Я уже говорил, что с 1914 года не художник творил жизнь, но жизнь властно творила его самого; естественно, что для художника стало необходимым искать пути выражения этой жизни. Какова же она? — никто в те дни ничего не знал и не мог знать; ее пути и подготовку к ним можно было только предчувствовать.

Мейерхольд с проницательностью несомненного художника, стремящегося быть впереди, а не позади жизни, выдвинул лозунг коллективности, даже не найдя еще этого слова, как оно найдено теперь, в наши дни. Работа на 292 Бородинской несомненно шла в этом плане и таким образом, многие, принимавшие в ней участие, невольно подготовлялись ко всему тому, что сейчас, как мы видим, расцвело пышным цветом, когда этот лозунг стал всеобщим и узаконенным. Мейерхольд же был только его пророком и предтечей, — вот почему, с моей точки зрения, Бородинская студия имеет громадное историческое значение для всего современного театра94*.
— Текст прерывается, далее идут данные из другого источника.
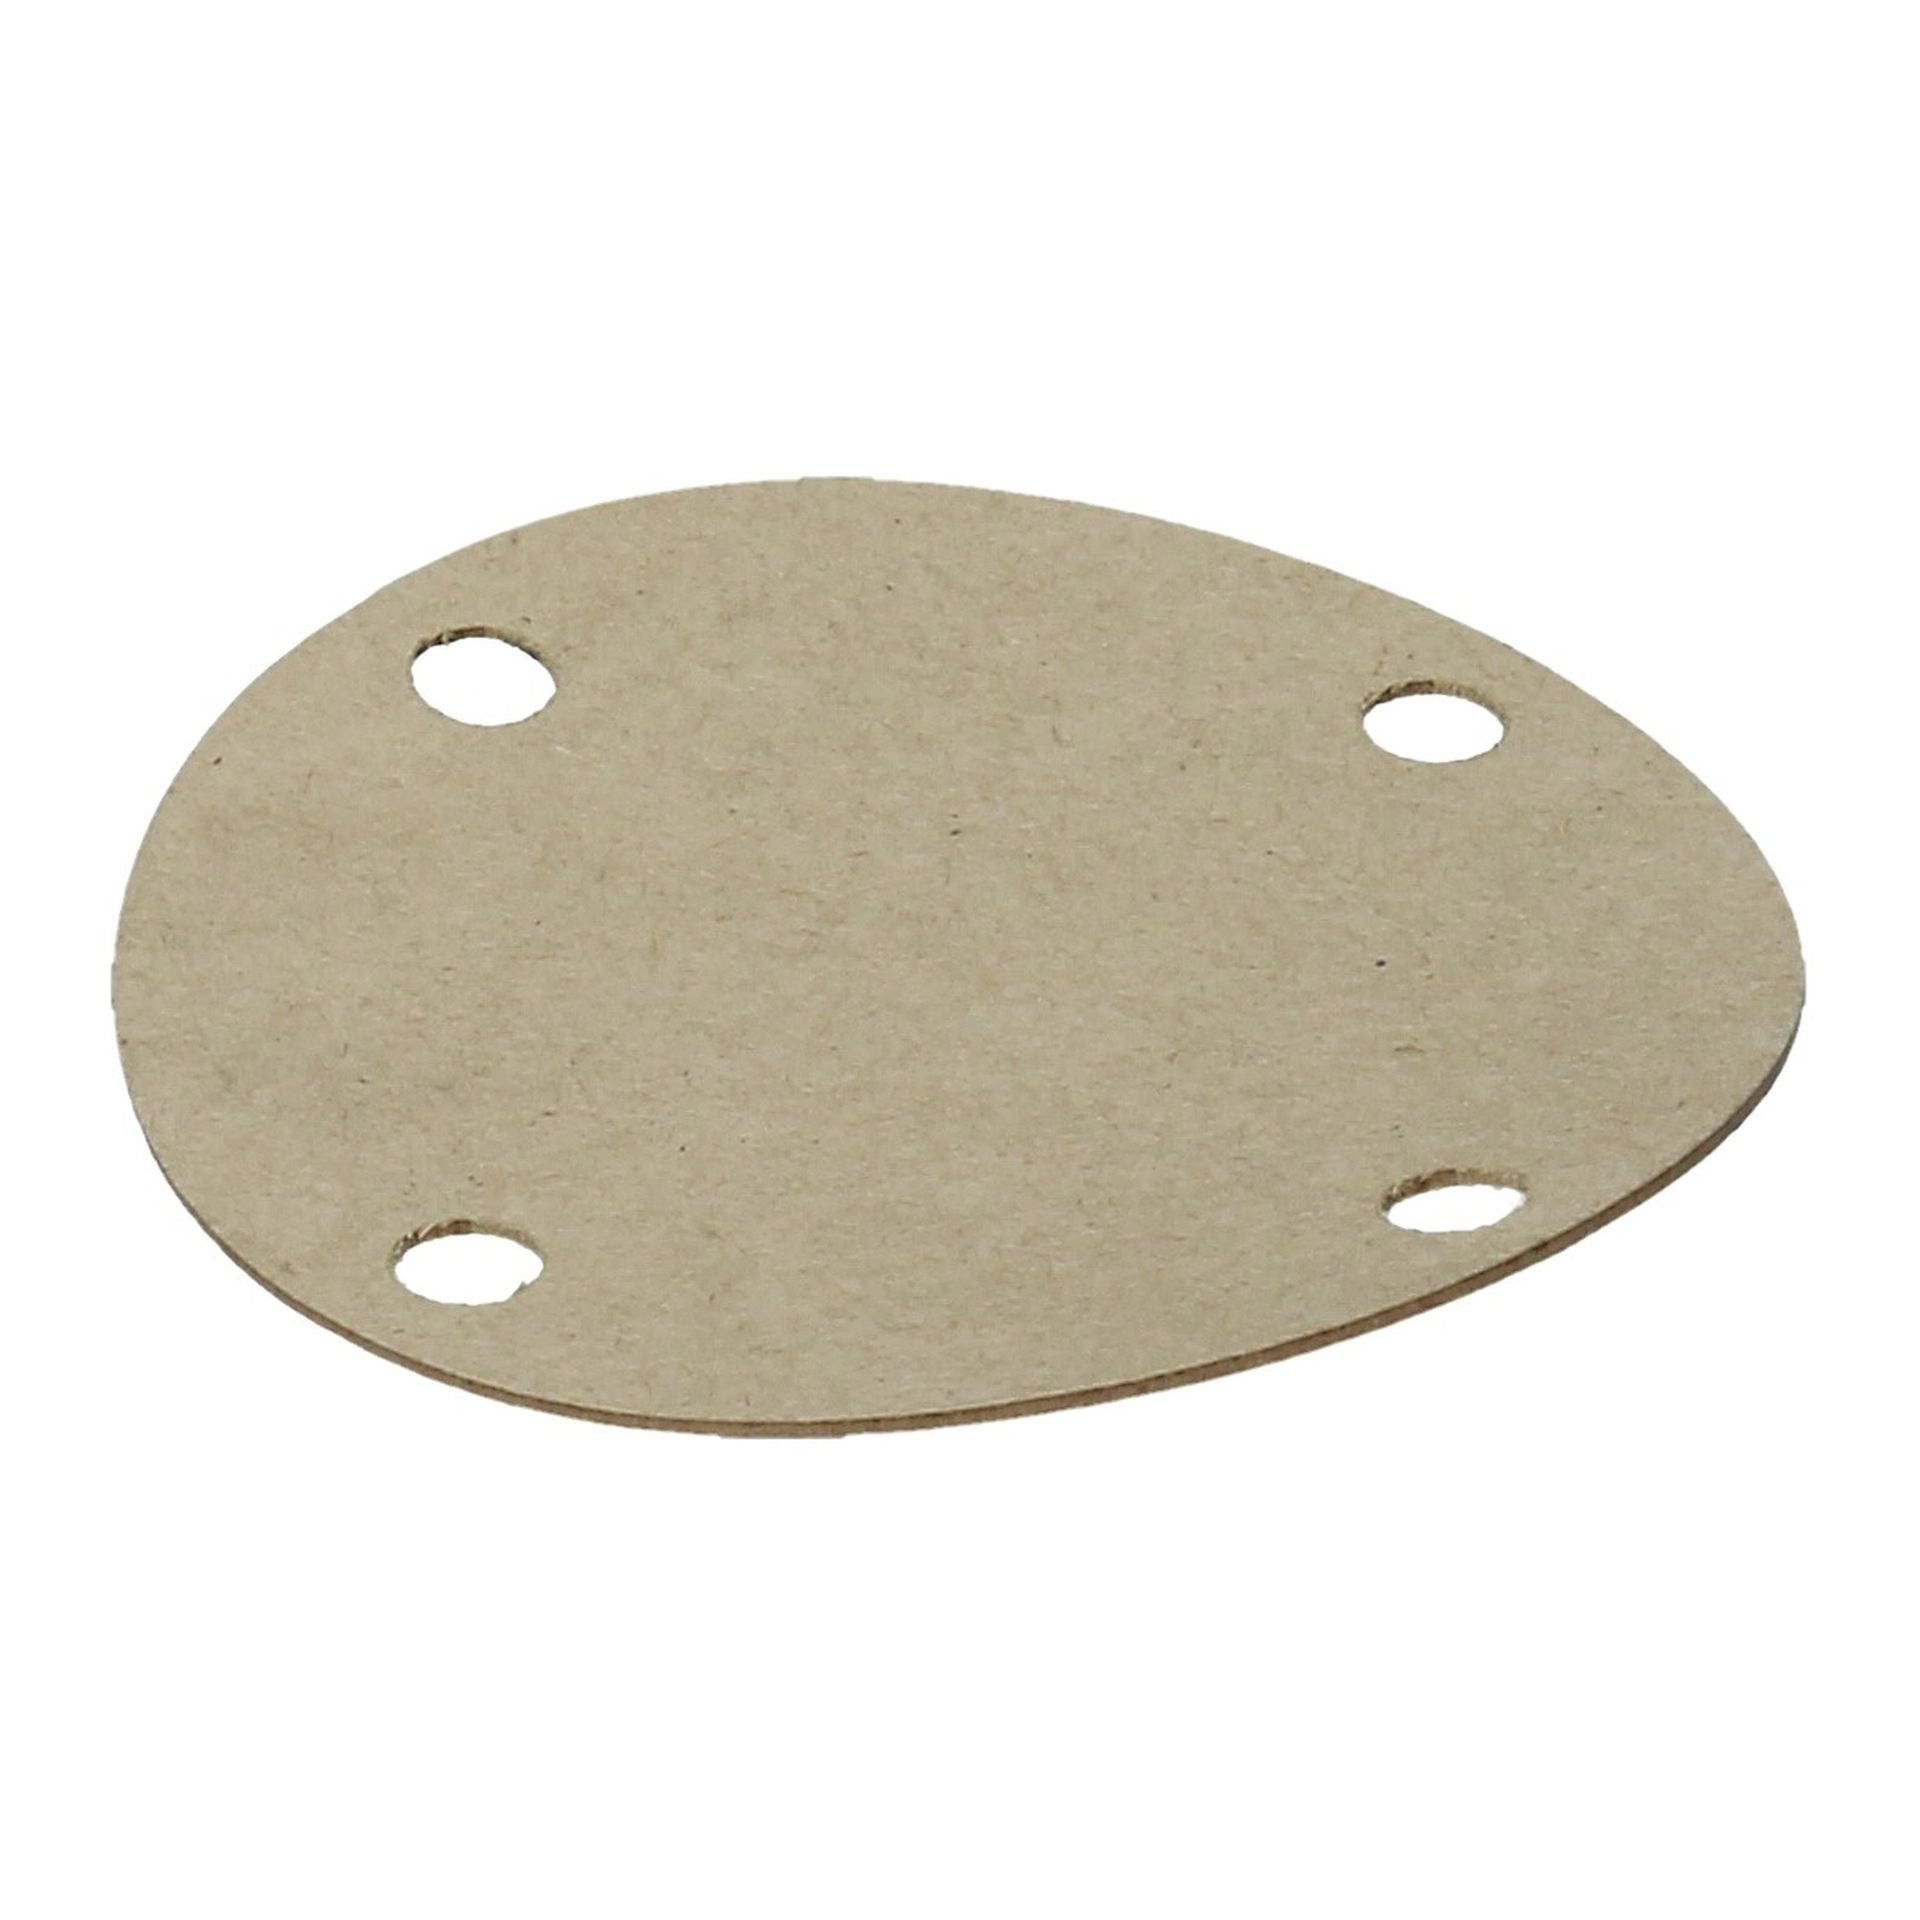 Auxiliary Back Bearing Cover Gasket 250/275

293 В кругу немногих друзей, в своем новом подпольи, Мейерхольд раньше других учел масштаб грядущих событий и, вместо того, чтобы сложить оружие перед стихией, начал подготовку борьбы с ней, ибо никогда не должно быть так, чтобы стихия торжествовала над человеком, уничтожая его; тем более она не должна умерщвлять творчество художника, потому что всякое творчество есть космическое начало, в противовес вечному хаосу, как устремлению к разрушению. Все это особенно должно чувствоваться в моменты величайших напряжений человечества, потому что только такие моменты по-настоящему раскрывают значимость нашего бытия и пути, по которому оно должно стремиться к последнему освобождению и раскрепощению.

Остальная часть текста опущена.